Although photodermatoses are traditionally classified by pathogenesis, for the purposes of this feature, the authors propose an alternative classification based on the timing of clinical presentation, which may be more practical for the general physician. Photodermatoses can be broadly classified into three categories: those with immediate reactions (seconds–minutes) following sun exposure, those with intermediate responses (minutes–hours), and those with delayed responses (hours–days), often associated with more chronic manifestations over several days–weeks. Some causes of photosensitivity can also lead to delayed problems, including skin cancers. Regardless of the classification system used, a thorough clinical assessment is essential to identify a history of photosensitivity, characterise the nature of the reaction, and guide diagnostic evaluation.
Classification of the photodermatoses based on pathogenesis:6
- Immunological
- Polymorphic light eruption
- Juvenile spring eruption
- Solar urticaria
- Chronic actinic dermatitis
- Actinic prurigo
- Hydroa vaccinforme
- Drugs and chemicals
- Endogenous: porphyrias
- Exogenous: systemic and topical
- Photogenodermatoses
- Xeroderma pigmentosum
- Bloom syndrome
- Rothmund–Thompson syndrome and others
- Photoaggravated
- Atopic dermatitis
- Seborrhoeic dermatitis
- Connective tissue diseases, e.g., lupus, dermatomyositis
- Rosacea and others
IMMEDIATE-ONSET PHOTODERMATOSES (TRIGGERED WITHIN SECONDS–MINUTES OF EXPOSURE)
Solar urticaria (Figure 1) is an immediate-type hypersensitivity reaction that can occur at any age and is characterised by immediate onset (within seconds–minutes of exposure) of itching, erythema, and whealing on sun-exposed sites, which resolve in ≤1 hour in 64.1% and persist up to 24 hours in 33.5%. As with other inducible urticarias, a specific underlying cause is not identified.7

Figure 1: Solar urticaria.
Patient affected on exposed feet, exhibiting sparing on legs covered by trousers.
Erythropoietic protoporphyria (EPP) is an acute inherited disorder and should be suspected in patients presenting with skin pain after a few minutes of sun exposure. A typical first manifestation of EPP is a baby crying when put outdoors in daylight or when exposed to light coming through the window glass.8
A severe sunburn reaction occurring after trivial quantities of sunlight and persisting beyond the expected duration of a ‘normal sunburn’ may indicate xeroderma pigmentosum (XP), a rare autosomal recessive condition. Patients with XP may have associated features such as persistent freckles (lentigines) of sunlight-exposed skin, as well as an increased susceptibility to cutaneous malignancy from as young as 5 years of age.9
A careful drug history is of utmost importance in any patient presenting with signs or symptoms of photosensitivity. Immediate prickling, burning, or erythema is particularly associated with drugs such as amiodarone and chlorpromazine, whereas an exaggerated sunburn-like reaction can be associated with fluoroquinolone or tetracycline antibiotics, amiodarone, or thiazide diuretics.10
INTERMEDIATE-ONSET PHOTODERMATOSES (TRIGGERED BY MINUTES–HOURS OF EXPOSURE)

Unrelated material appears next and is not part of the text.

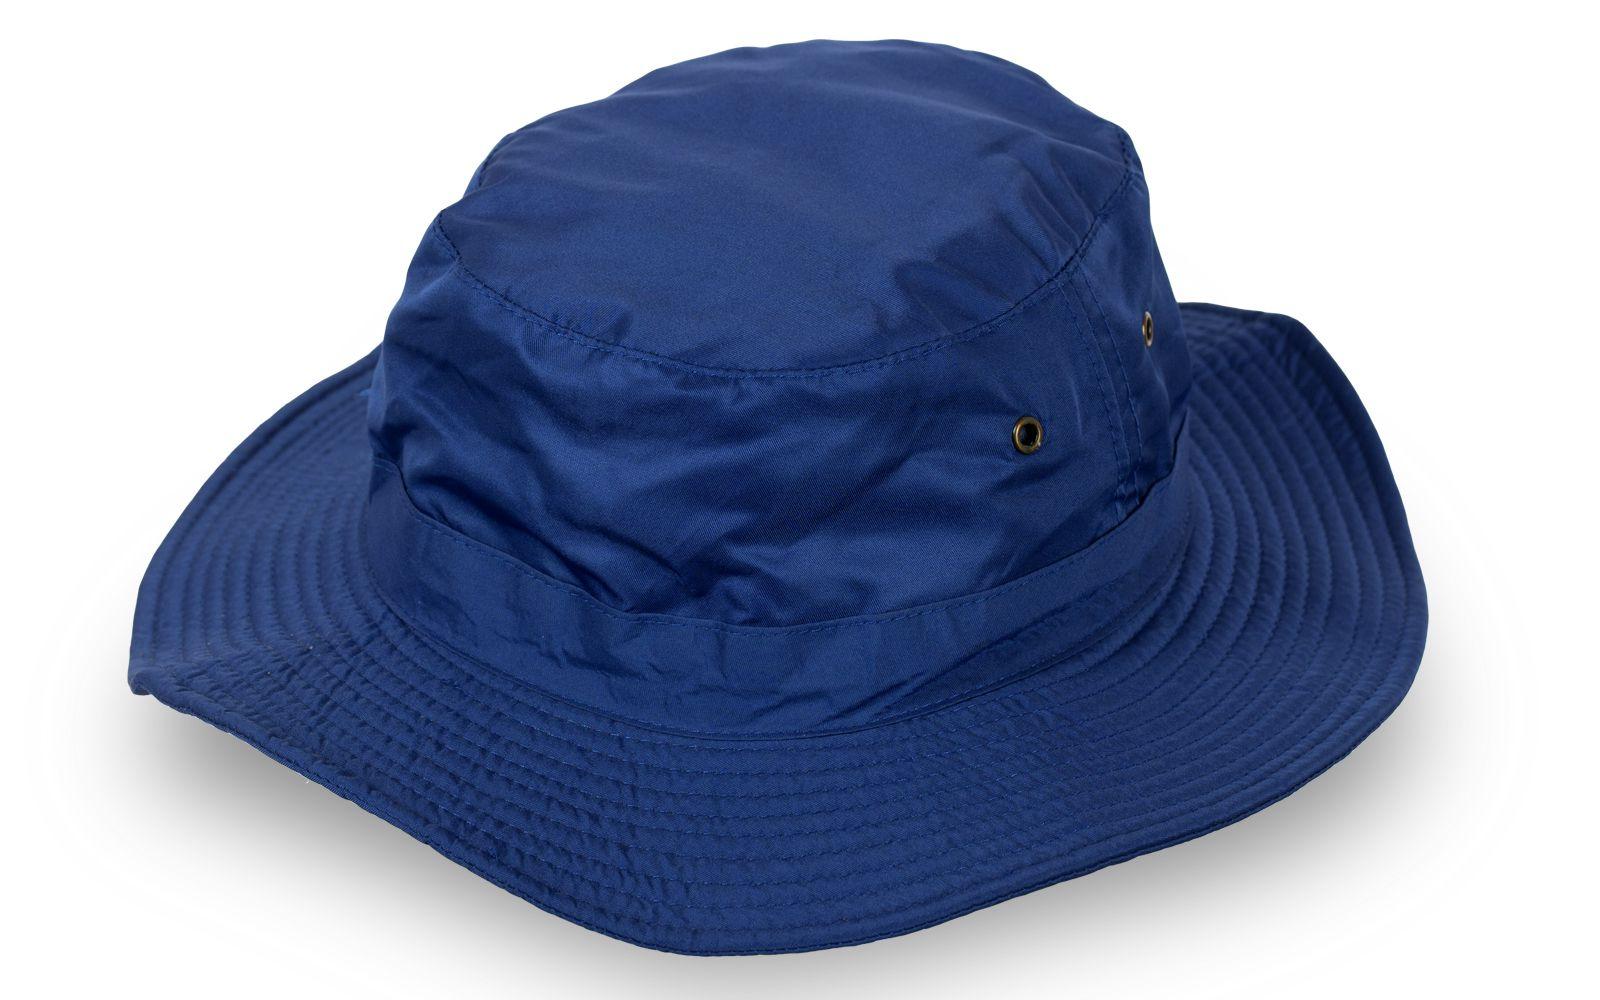 Строгая шляпа для отдыха на Черном море

PLE (Figure 2), the most common photodermatosis, usually develops in spring or summer and is typically triggered by 30 minutes–several hours of sun exposure, often occurring later that day or the next day and resolving without scarring within days, if further sun exposure is avoided. Several morphological subtypes have been described, although a pruritic, erythematous, papular, and sometimes vesicular rash on non-perennially exposed sites such as the chest and arms is the most common presentation.11 Many patients experience symptomatic improvement by late summer, likely due to a gradual ‘hardening’ or increased phototolerance of the skin. Some individuals may only exhibit symptoms during periods of intense sun exposure, such as sunny holidays, whereas those with more severe forms may experience symptoms year-round. The diagnosis of PLE is primarily clinical; however, phototesting and/or histopathological evaluation may be necessary in atypical or unclear cases.12

Figure 2: Polymorphic light eruption.
Erythematous papular eruption on forearms.
DELAYED-ONSET PHOTODERMATOSES (TRIGGERED BY HOURS–DAYS OF EXPOSURE)

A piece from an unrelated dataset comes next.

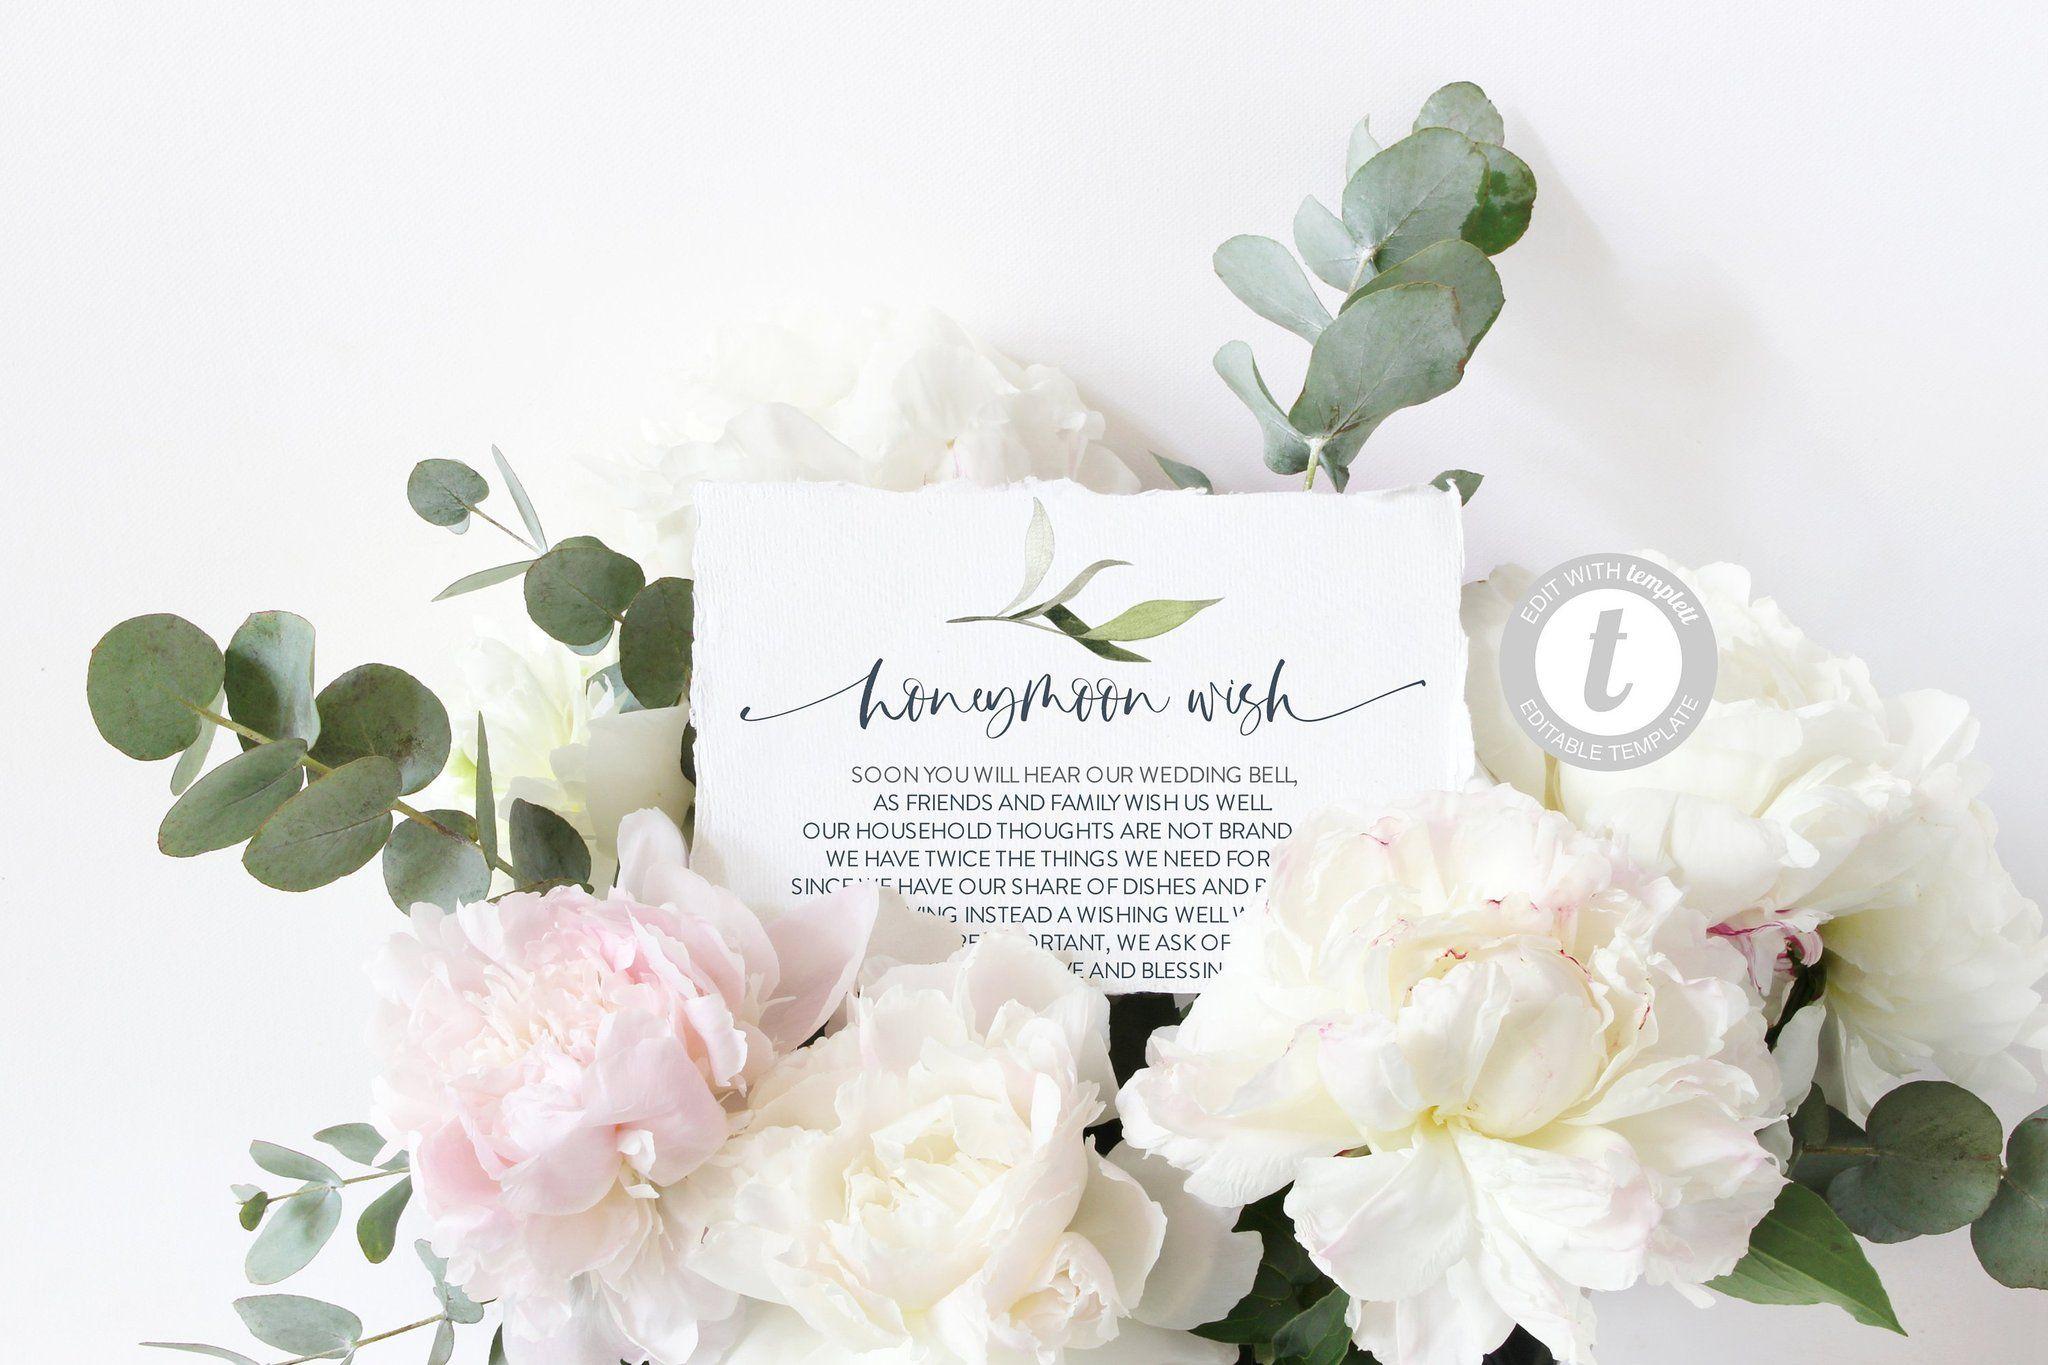 Honeymoon Wishing Well Card Template Honeymoon Wish Honeymoon Fund Wedding Info Card Wedding Details Card Wedding Cards

Drug-induced photosensitivity can present not only with acute reactions but also with a range of delayed manifestations. These include increased skin fragility and blistering due to trauma in pseudoporphyria (commonly linked to drugs such as naproxen and furosemide), and telangiectasia in photo-exposed areas, particularly with calcium channel blockers.10
Chronic actinic dermatitis (Figure 3) should be considered in patients presenting with eczematous eruptions in a photo-distributed pattern, or in those with pre-existing dermatitis (sometimes atopic) who develop a change in distribution or seasonal pattern of flares. As patients may not associate their symptoms with sun exposure, a high index of clinical suspicion is warranted.6

Figure 3: Chronic actinic dermatitis.
A photo-exposed site dermatitis showing acute (A) and chronic (B) dermatitic reaction. Note the relative sparing in photoprotected areas.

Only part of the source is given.